FISH FARM

Fish farming is an ancient practice that can provide many profitable opportunities today. The raising and selling of fish on a commercial basis has proven to be economically successful.

Start a fish farm by following these 9 steps:

You have found the perfect business idea, and now you are ready to take the next step. There is more to starting a business than just registering it with the state. We have put together this simple guide to starting your fish farm. These steps will ensure that your new business is well planned out, registered properly and legally compliant.

 Plan your business

A clear plan is essential for success as an entrepreneur. It will help you map out the specifics of your business and discover some unknowns. A few important topics to consider are:

  • What are the startup and ongoing costs?
  • Who is your target market?
  • How much can you charge customers?
  • What will you name your business?

What are the costs involved in opening a fish farm?

Costs will range, depending on the size and scope of the operation you are starting.

If you are starting an aquarium-based farm, you will need:

  • Tanks and pumps
  • Fish food and refrigerators
  • Water aerators
  • Water testing kits and equipment
  • An investment in the initial parent fish or eggs/frye

If you are running at a commercial fish farm you will need:

  • Land for ponds
  • Equipment for excavating ponds
  • Commercial-sized pumps, aerators, and water sources/reclamation devices
  • Boat, motor, and equipment for cleaning and managing the pond.
  • Industrial fish food supply
  • Fish processing equipment for shipping and exporting

What are the ongoing expenses for a fish farm?

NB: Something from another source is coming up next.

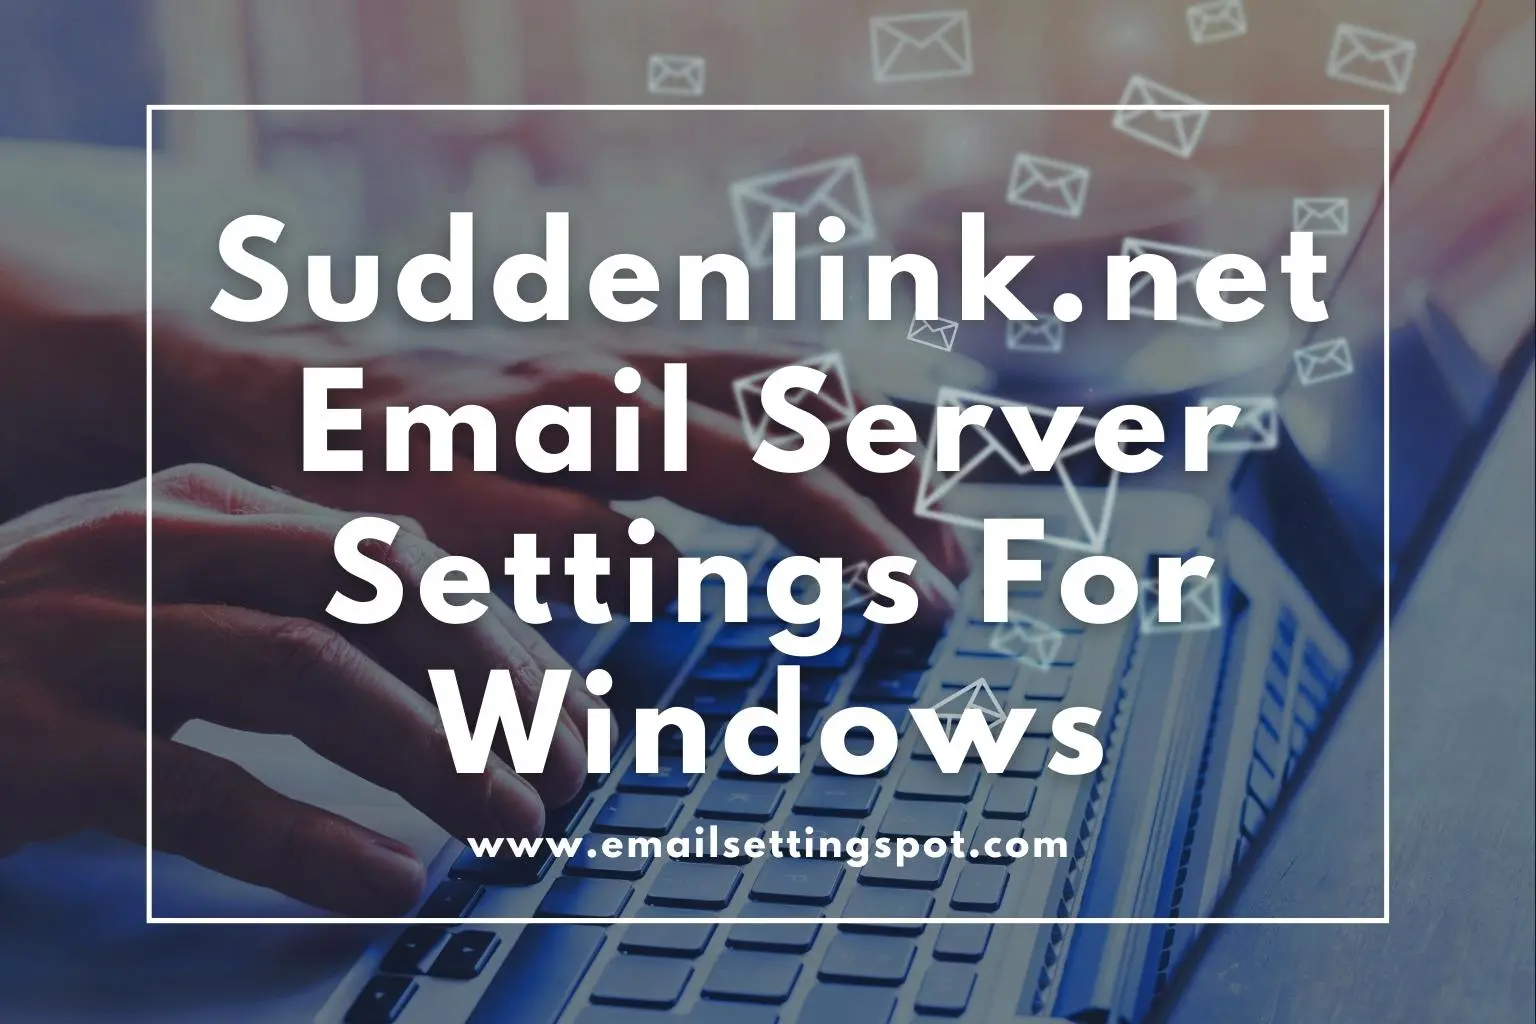 suddenlink.net email Settings for Windows

Fish farming will have some variation in expenses, depending on what kind of fish and how many you are raising. Average associated costs will stem from:

  • Buying eggs and/or fingerlings for your re-stock purposes.
  • Food and maintenance of the fish.
  • Replacing pumps and oxygen/aeration systems.
  • Digging new ponds or buying additional tanks.
  • Electricity per month.
  • Plumbing maintenance.
  • Insurance for employees and the business.
  • Transporting/shipping of fish in and out of your farm.

Who is the target market?

Customer types will vary, depending on the types of fish you are raising. If you are raising fish for sport, re-stocking, or commercial food products, your base will consist of larger businesses, which need a higher volume of fish. Some customers may even consist of state or federal organizations who re-stock depleted natural resources.

If you raise fish for aquariums or as pets, your customer group will be pet shops and specialty fish dealers. You may even choose to have customers contact you directly, in order to expedite sales and cut the cost of the middle man.